Increasingly, adaptive signal control and other non-traditional solutions are being implemented in an attempt to improve signal system efficiencies, reduce congestion, enhance signal control responsiveness to incidents, and reduce signal re-timing costs.  As part of a recent adaptive signal control implementation in Cobb County, Georgia, a before-and-after operational comparison of an optimized time-of-day (T.O.D.) and an adaptive control system was undertaken.  The focus of this operational analysis was typical operating performance during the weekday peak, weekday off-peak, and weekend travel periods.  The initial study resulted in a general conclusion that under typical existing traffic conditions, both the well calibrated T.O.D. and adaptive control systems provided good, although similar, performance. Numerous others have also conducted field studies of various adaptive control systems.  A lack of consensus seems to be present regarding the benefits of adaptive control, with results often dependent on site specific issues, quality of before timing plans, selected performance metrics, etc.

However, in addition to operational performance under current traffic conditions the evaluation and selection of a signal control system should consider the system responsiveness to normal day-to-day variation in traffic demands, special events, incidents, future traffic demands, and other conditions.  A field data based study will typically not allow for an evaluation of control types under such conditions.  Non-recurring and future growth performance testing is more directly suited to simulation based evaluations.  Simulation is often utilized for the evaluation of Intelligent Transportation Systems (ITS) because it allows for controlled experiments to be conducted and statistically strong conclusions to be drawn, particularly in instances where it is not feasible or possible to use field data for an evaluation. However, potential drawbacks exist when utilizing simulation to evaluate cutting-edge or proprietary ITS implementations. First, no software emulation of the ITS in question may be available, and second, the software emulation of the ITS, if available, is not guaranteed to be an accurate representation of its real-world counterpart.

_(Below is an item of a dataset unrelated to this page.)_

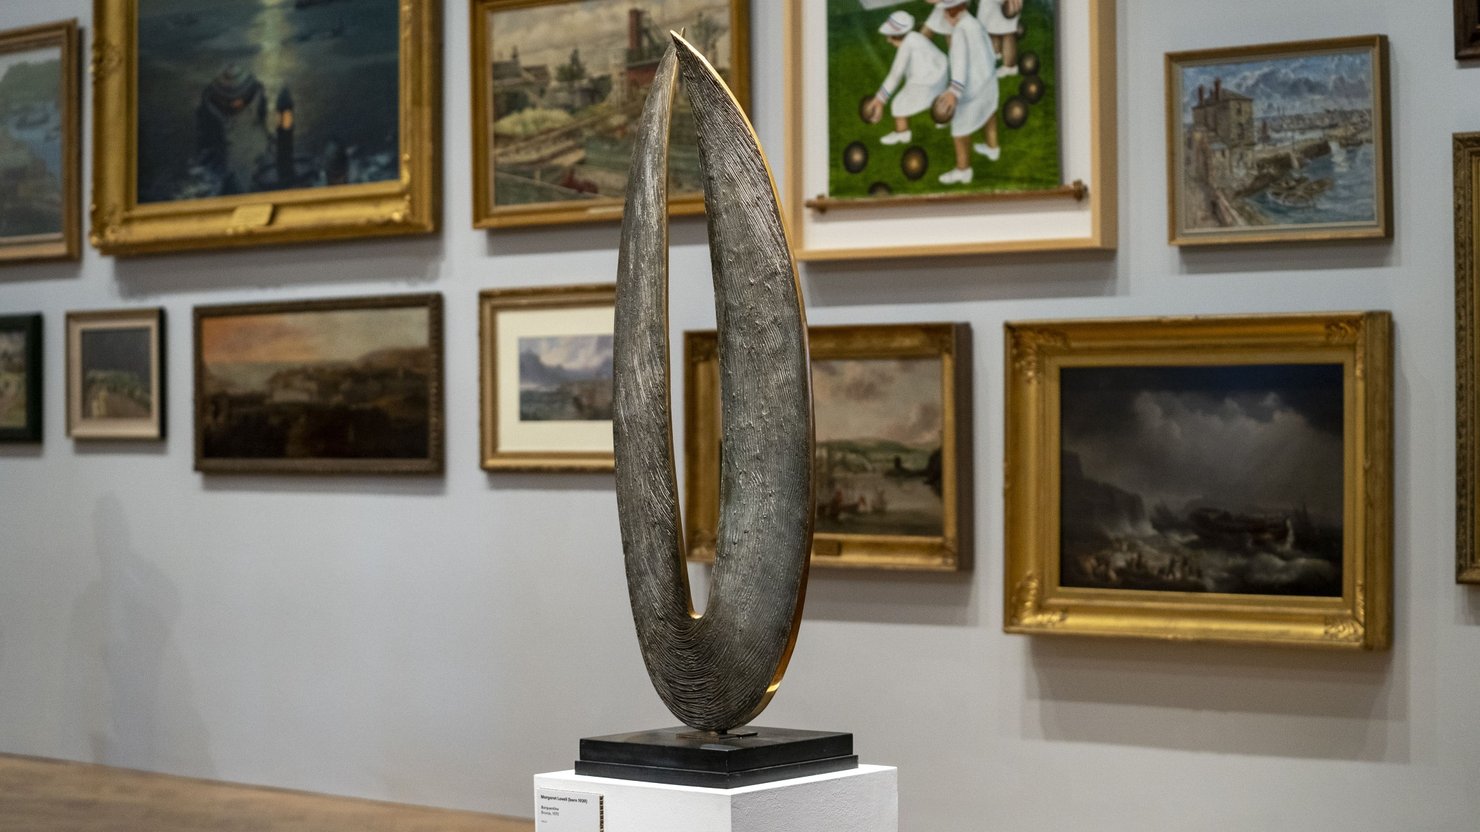 Photograph showing a bronze sculpture that appears like a sail, on a plinth within an art gallery.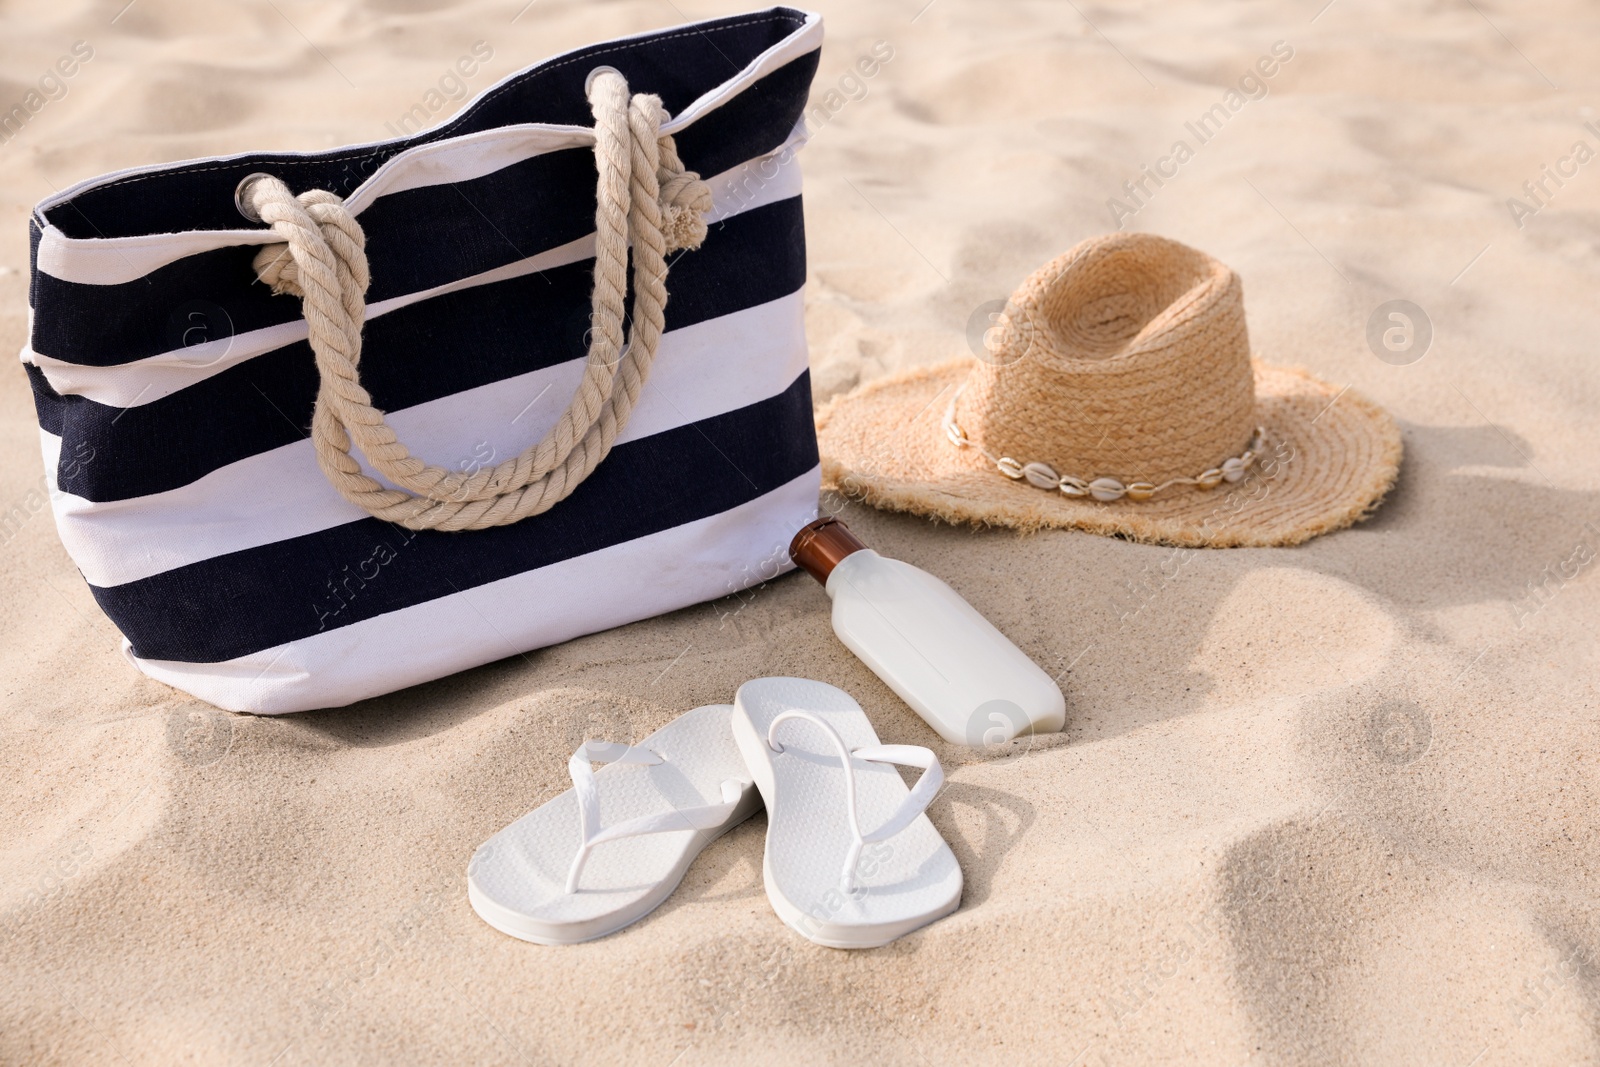 Photo of Beach bag, flip flops, sunscreen and hat on sand

To overcome the limitations of field data or simulation only studies, hardware-in-the-loop simulation (HILS) may be utilized.  In traffic engineering the concept of HILS typically involves combining a microscopic traffic simulation program with a real-world traffic controller.  By enabling the controller to interact with the simulation model, the benefit of simulation analysis is gained while retaining the full functionality of the real-world system.  There have been numerous successful applications of HILS in the development, testing and evaluation of ITS in the transportation environment.

The schematic in Figure 1-a represents a notational field implementation of adaptive control and T.O.D. control.  The controllers residing in field cabinets communicate through fiber optic cables and modems.  The schematic shown in Figure 1-b is the adopted HILS system that replaces the physical roadway network with a simulated one.  The detector actuations from vehicles in the VISSIM model are sent out to the real-world controllers. Signal state information from the real-world controllers is accepted by the model.  Between the model and the real-world controller is a hardware device that facilitates the communication between the two, called a Controller Interface Device (CID).  

This research examined the initial findings of a HILS evaluation of ACTRA (i.e. T.O.D.) and SCATS (i.e. adaptive) signal control on an eleven-intersection section of Cobb Parkway, in Cobb County, Georgia.  It was seen that the HILS test bed generally provided a reasonable representation of both the T.O.D. and adaptive signal control performance.  However, it was noted that the adaptive control AM HILS results contain some unexpected behaviors, not observed in the field, in the southbound direction.  The explanation currently under investigation is that the responsive nature of adaptive control may be resulting in poor performance when the simulation contains a short term unrealistic behavior, whereas the relationships appear to indicate that for the system studied, the adaptive control may be more responsive to overall traffic demand. Initial indications are that during peak conditions, both control strategies provide similar performance, however, during the hours bordering the peaks, adaptive control is likely able to provide control more tailored to the current conditions.  Future efforts will further explore the findings.  In addition, the next phase of this effort will expand the scenario analysis to include growth scenarios, non-recurring congestion, and special events.

Sponsored by Cobb County Department of Transportation